◆ **Directions**
Set out word for word the line that contains "TownePlace Suites Slidell in Slidell, LA" and each line after it, through the end of the data below, but exclude the pictures.

--- Supplied data Enclosed Below ---

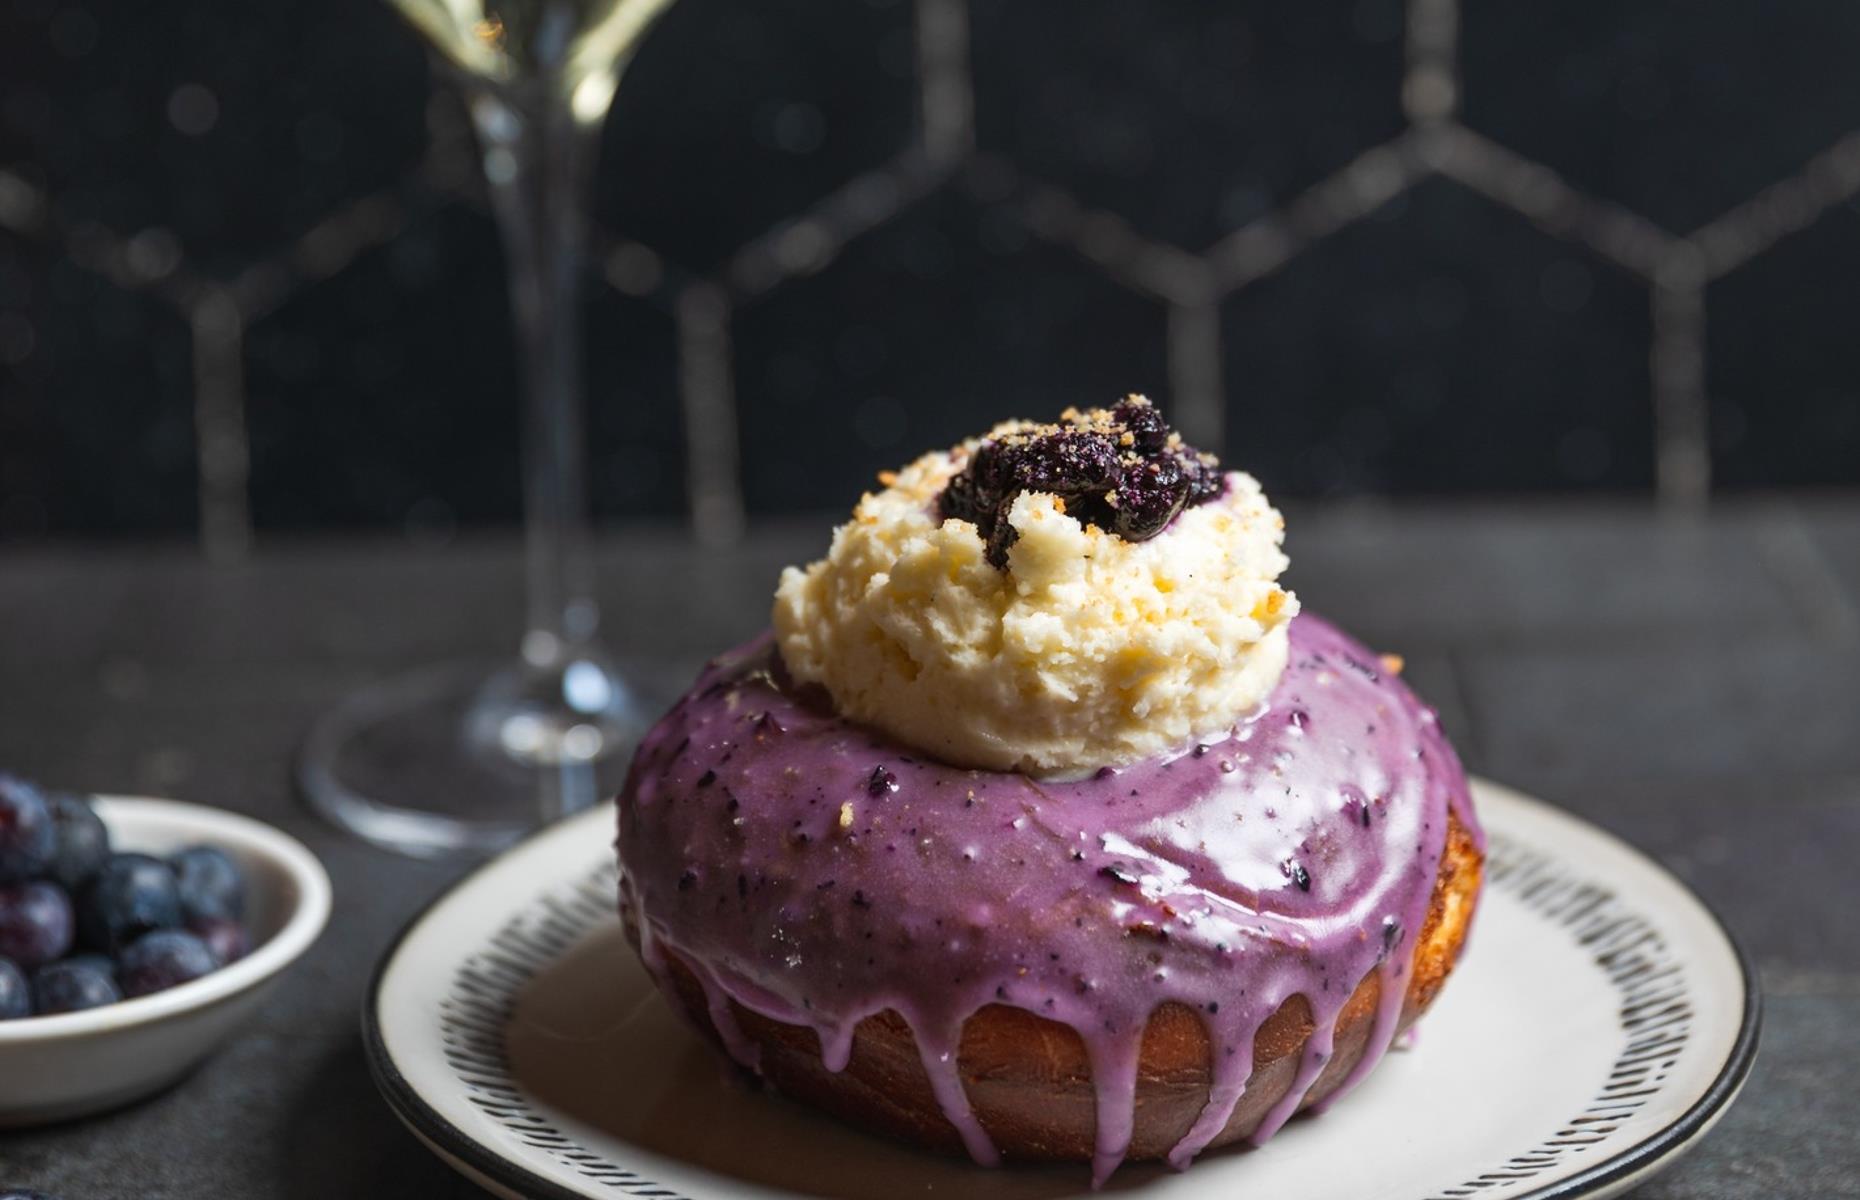 <p>At least two indulgent treats packed into one delicious round, this Blueberries & Champagne donut from California mini-chain <a href="https://www.facebook.com/SidecarDoughnuts/">Sidecar</a> is the ultimate in sweet luxury. One of the company’s regular seasonal specials, released for early 2022, it starts with a raised bullseye donut (a traditional style with a little divot to hold a dollop of something) and is dipped in blueberry glaze and topped with blueberry and Champagne compote, lemon cheesecake mousse and crumbled sugar cookies.</p>
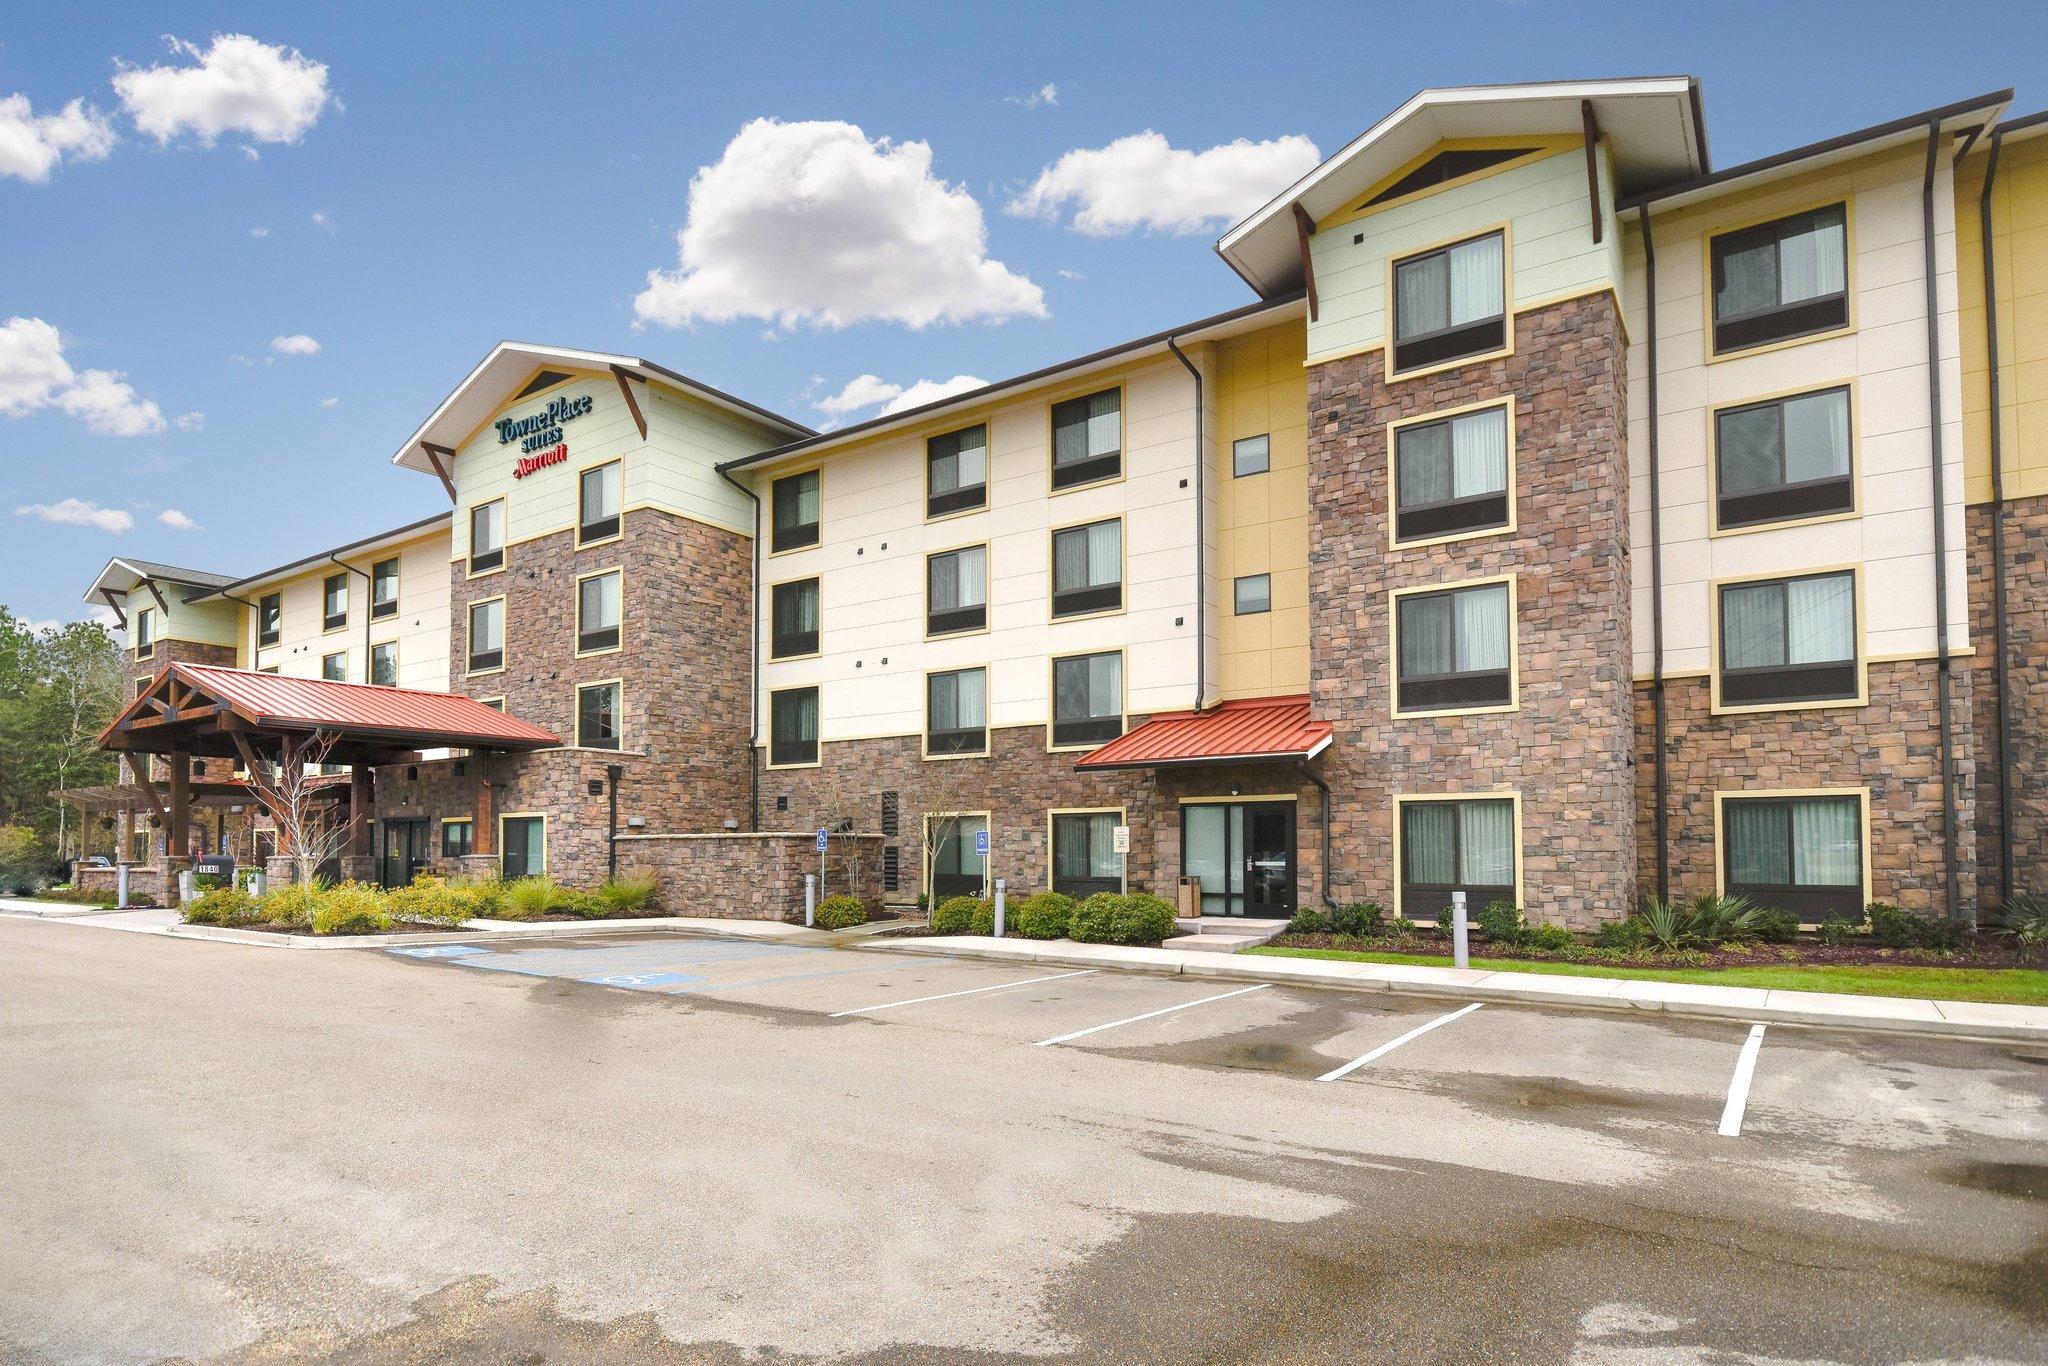 TownePlace Suites Slidell in Slidell, LA
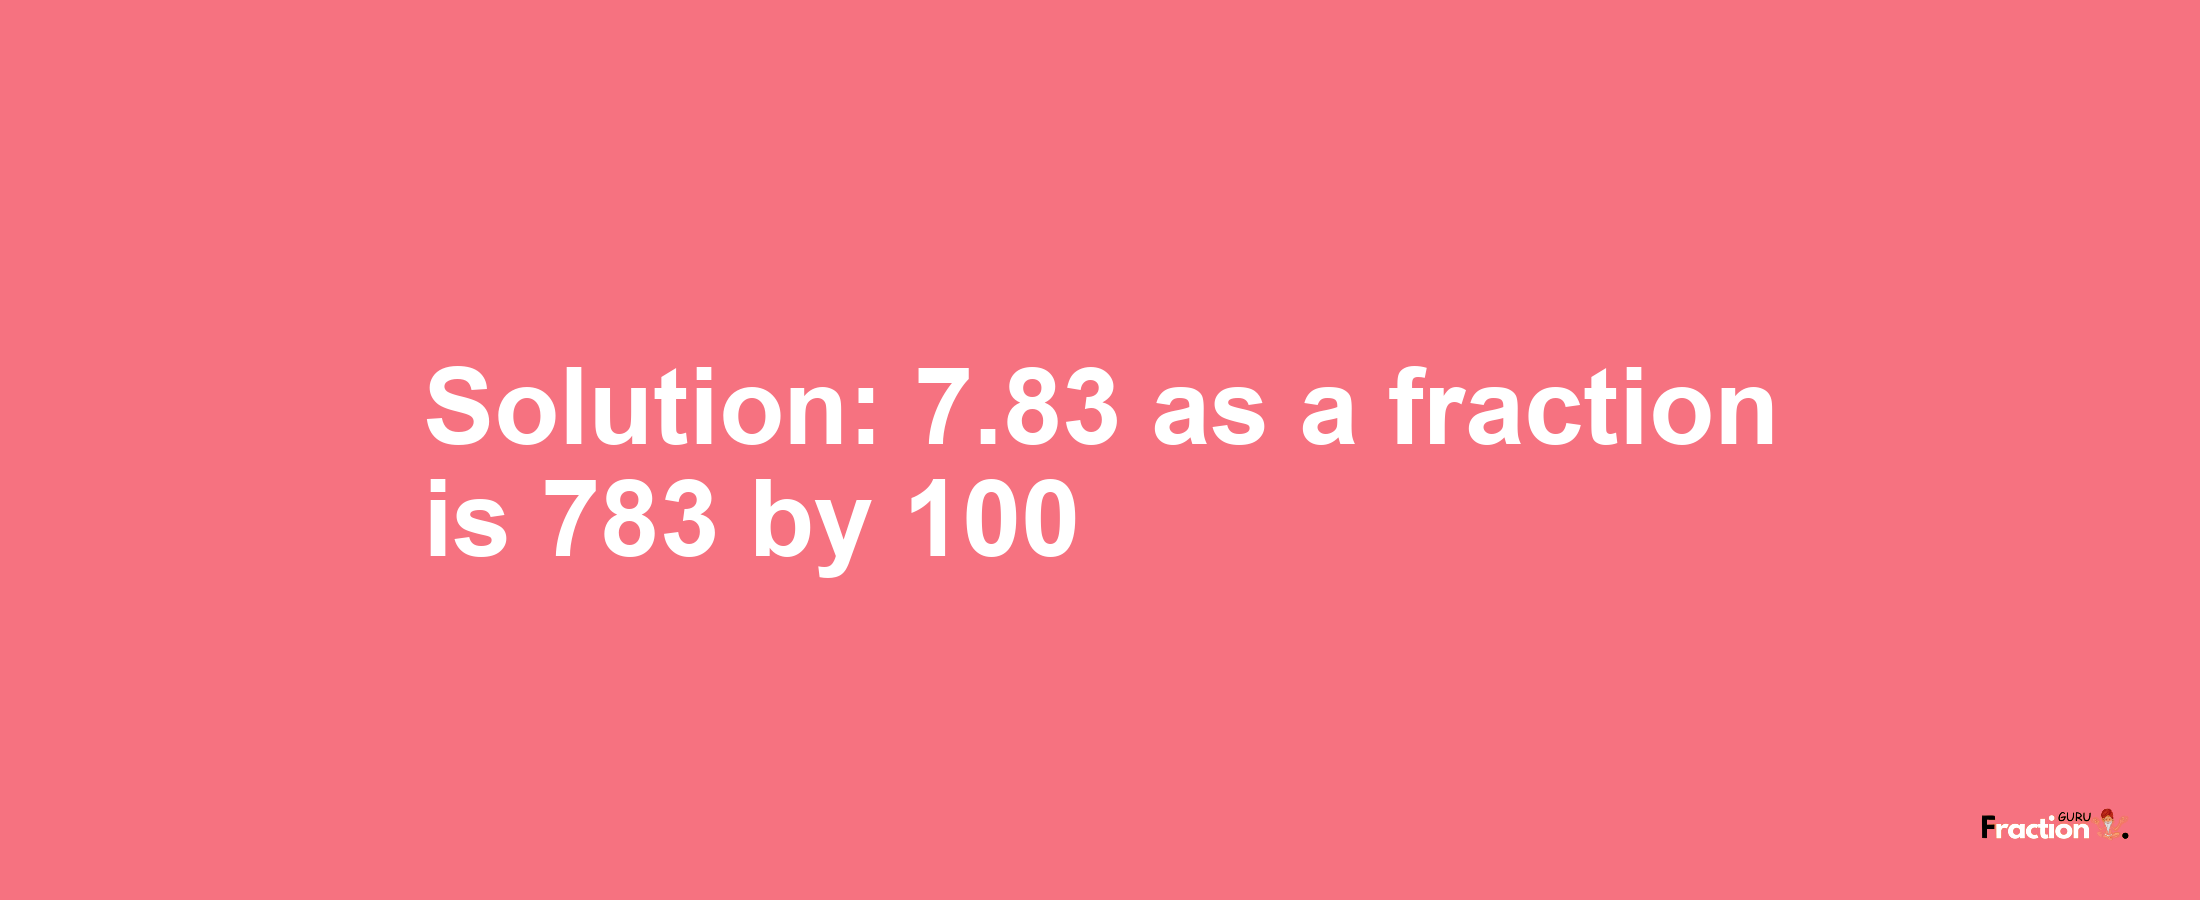 Solution:7.83 as a fraction is 783/100

--- End of Enclosed Supplied data ---

◆ **Completed exercise**
 TownePlace Suites Slidell in Slidell, LA
 Solution:7.83 as a fraction is 783/100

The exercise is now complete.